▶ _TASK INSTRUCTIONS_: Return all the lines below exactly as written. Drop every picture.

▶ _GIVEN INFORMATION_:
□ □ □ □ □ □ □

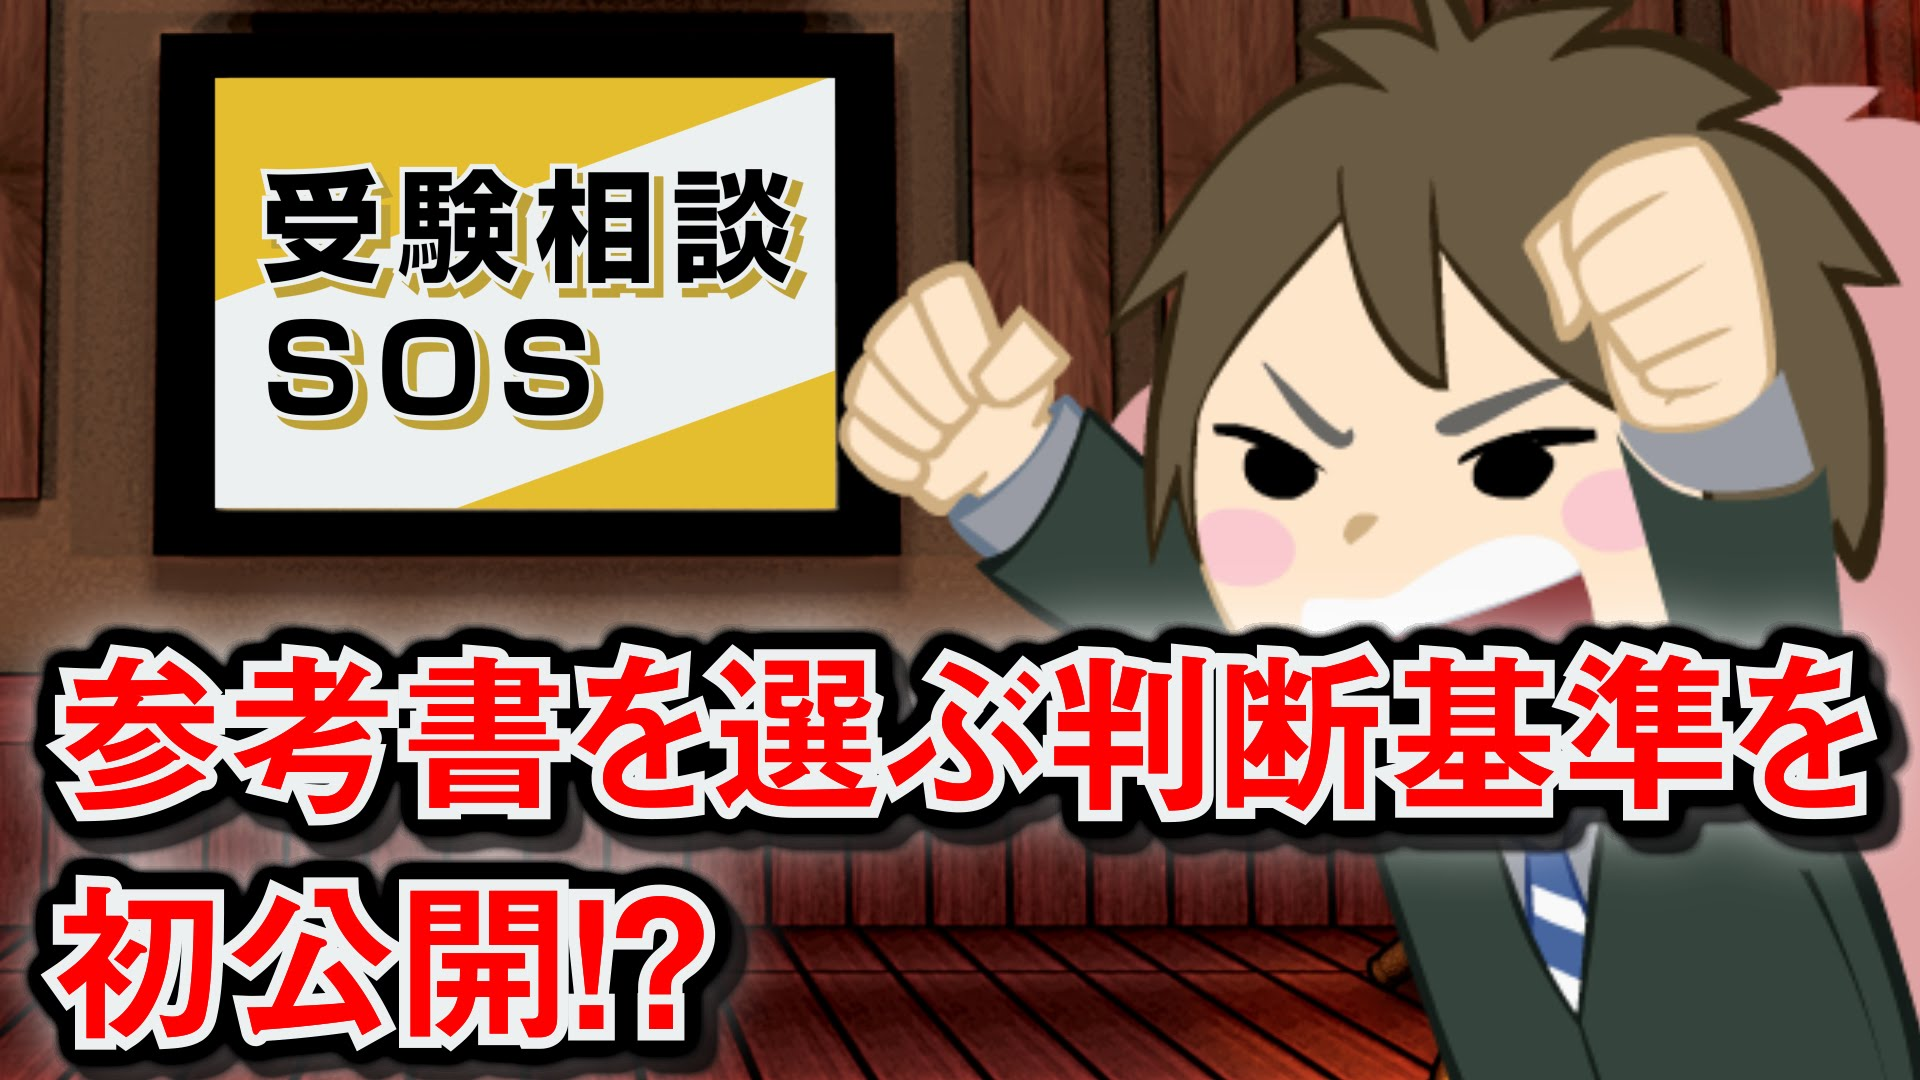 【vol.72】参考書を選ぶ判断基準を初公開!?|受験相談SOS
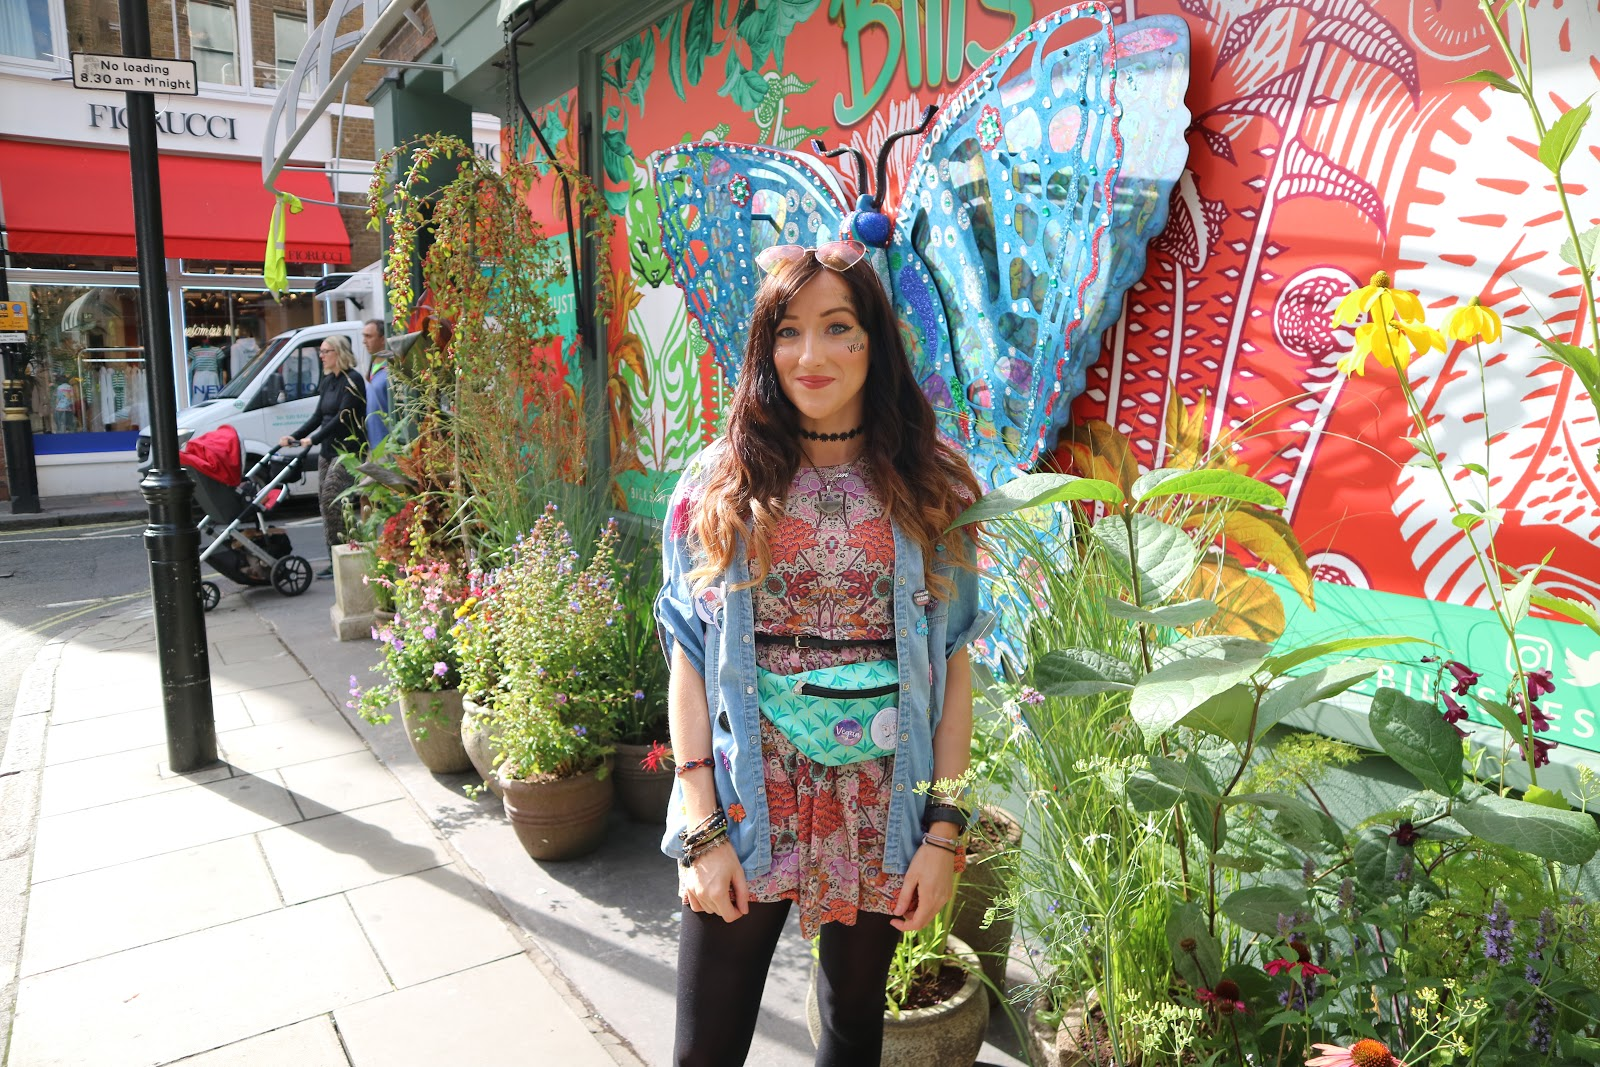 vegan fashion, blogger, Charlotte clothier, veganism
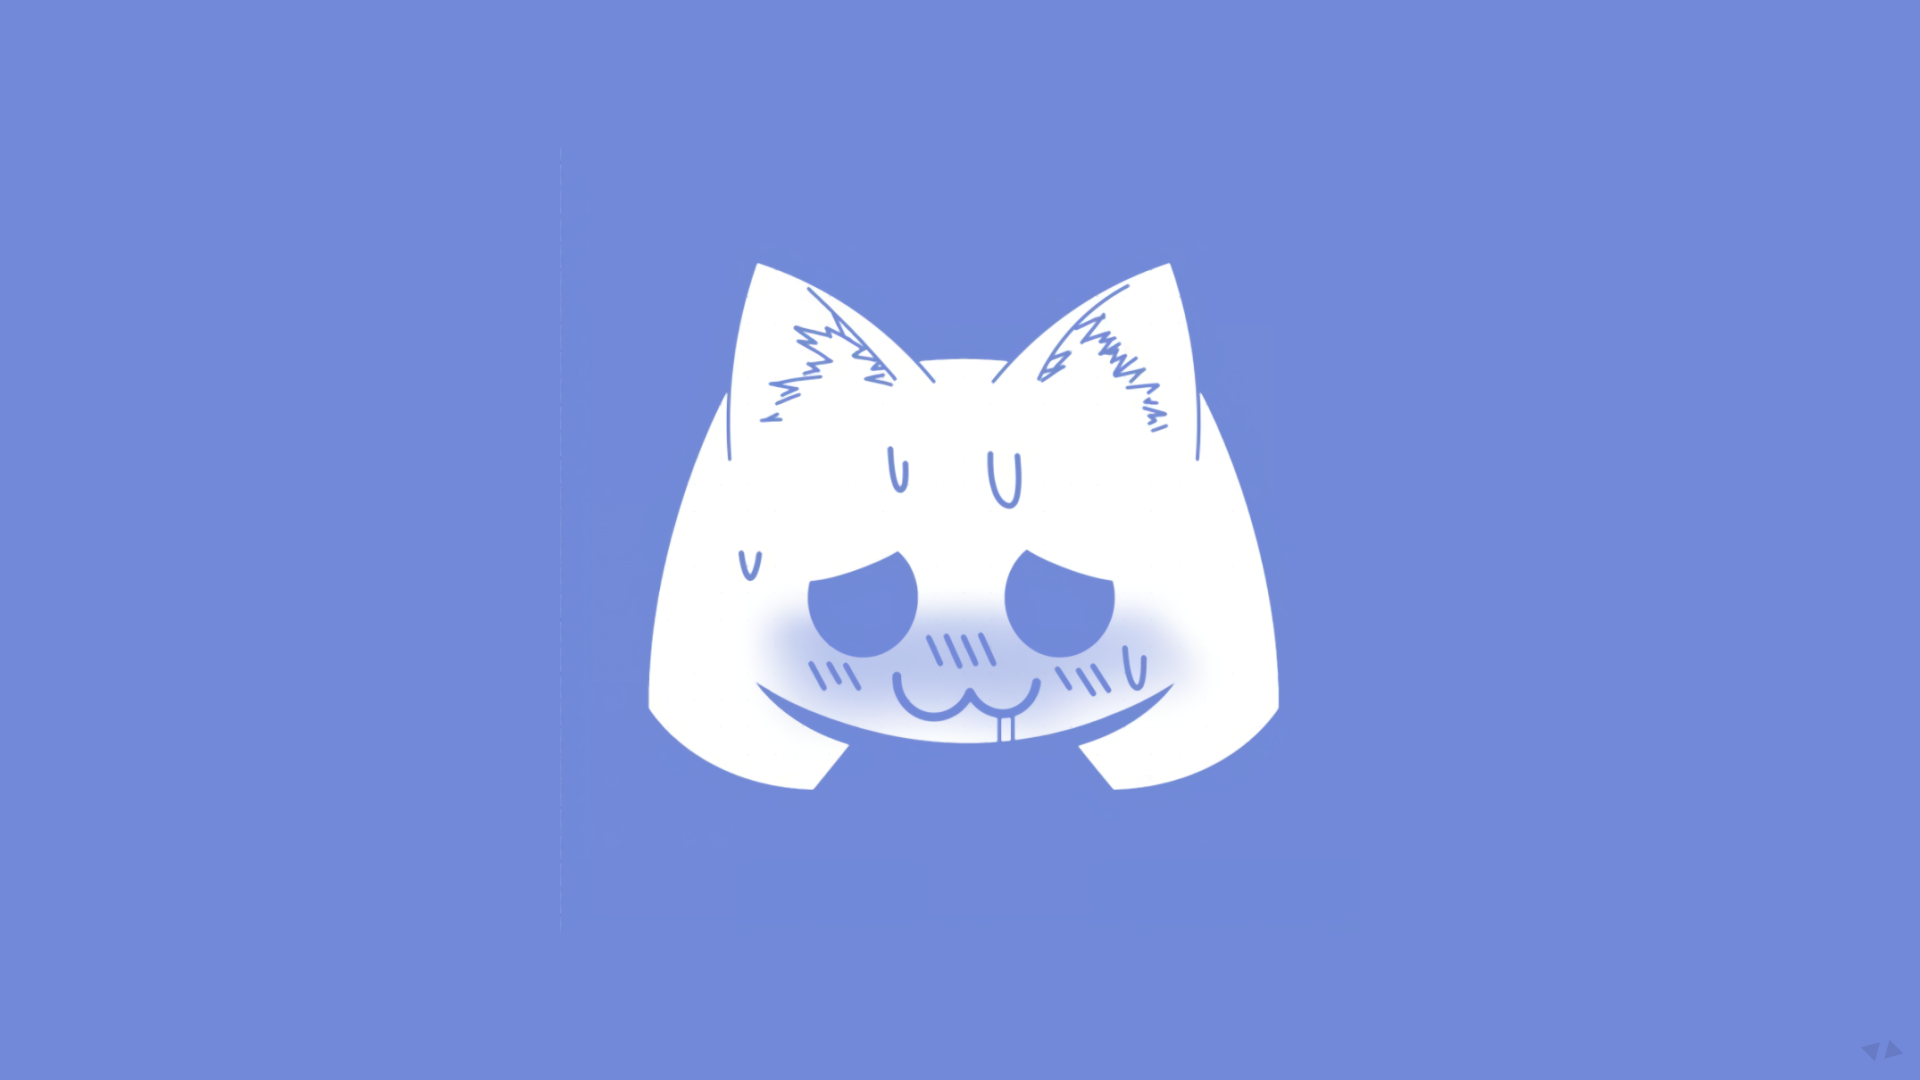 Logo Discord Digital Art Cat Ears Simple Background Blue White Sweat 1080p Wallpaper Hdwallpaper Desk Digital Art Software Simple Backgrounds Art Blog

□ □ □ □ □ □ □

▶ _WORKED SOLUTION_:
 【vol.72】参考書を選ぶ判断基準を初公開!?|受験相談SOS
 vegan fashion, blogger, Charlotte clothier, veganism
 Logo Discord Digital Art Cat Ears Simple Background Blue White Sweat 1080p Wallpaper Hdwallpaper Desk Digital Art Software Simple Backgrounds Art Blog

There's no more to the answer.